In his article, Gekowski admits that, “… no one, I imagine, values ​​Child for the quality of his prose. One can hardly find, in the entire corpus of the work, a single sentence worthy of independent admiration.” However, like Clare with Robbins, she can’t look down on Lee Child.

One critic accused Child of writing ‘dreck’; a little difficult, but true. In my opinion, Child’s prose is dull, clumsy, overwritten, and uninspiring. Compared to Lee Child, Harold Robbins was a disciplined literary genius. For me as a writer, Child is terribly horrible and the Jack Reacher series is essentially bad writing. An English teacher might well use it in class to demonstrate what NOT to do. But it is ever sold! More than 70 million worldwide. Plus all those Amazon downloads. Wow. But how? It sure hits me like hell.

Here is a question I ask myself. Would the Jack Reacher series be as successful as it is if it were well written and well edited? And answer? Probably not.

Lee Child is British, English and well educated. Speak the language of Shakespeare. So I have to assume that your poor writing and lack of respect for English is deliberate. Obviously, there is a vast market for these things, and Child, with the full compliance of his publisher and his meek editors, is delivering the shit he wants. And get rich in the process. It seems his readers not only don’t care, they seem to even love his literary scum. It’s probably another conspiracy from the publisher. But for me, it is another sad reflection on the brutalization of Western civilization.

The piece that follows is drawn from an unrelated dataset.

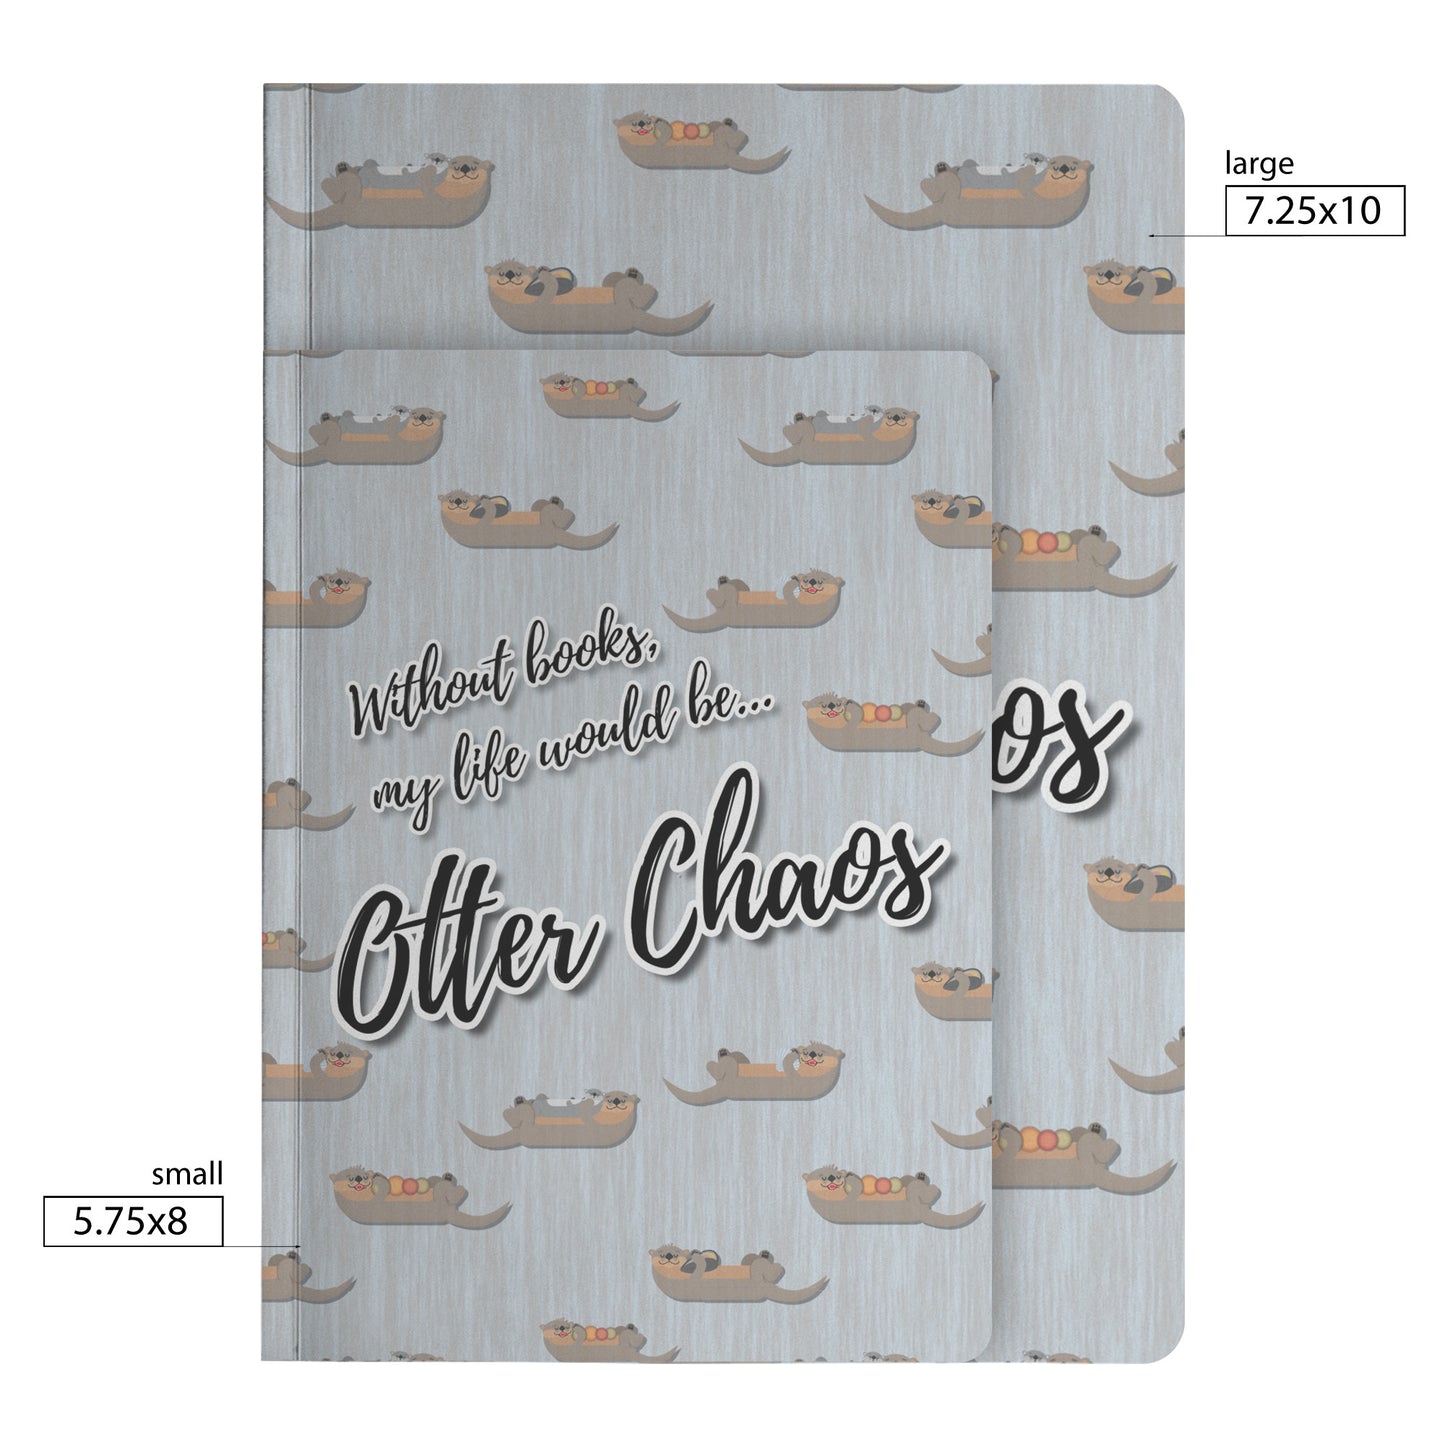 Otter Chaos Notebook

The ability to write was the first to fall. Think of college graduates who can’t write a simple job application letter and need to hire professionals to do it. Now it seems that the ability to read well is fading.

So there you have it. Bad writing sells; big time. But I do not advise going there. It is a swamp. Quagmire. Lee Child was lucky; most likely you are not. Do you keep your feet on solid ground and stick to good writing? It’s also being sold, though not quite as frenziedly as the Jack Reacher stuff. But don’t be discouraged. Respect the English language. He is great, tough and virile, with a literature behind that has no equal. Use it well and write to the best of your ability. And make every word count.

P.S.

Jack Reacher is becoming a small industry. Movies aside, with Tom Cruise making the biggest streaming mistake in movie history, there’s now a Jack Reacher game online. And for that morning cup of tea, Jack Reacher Custom Coffee is available: ‘Robust. Whole body. Battle Tested ‘plus a matching coffee mug to drink.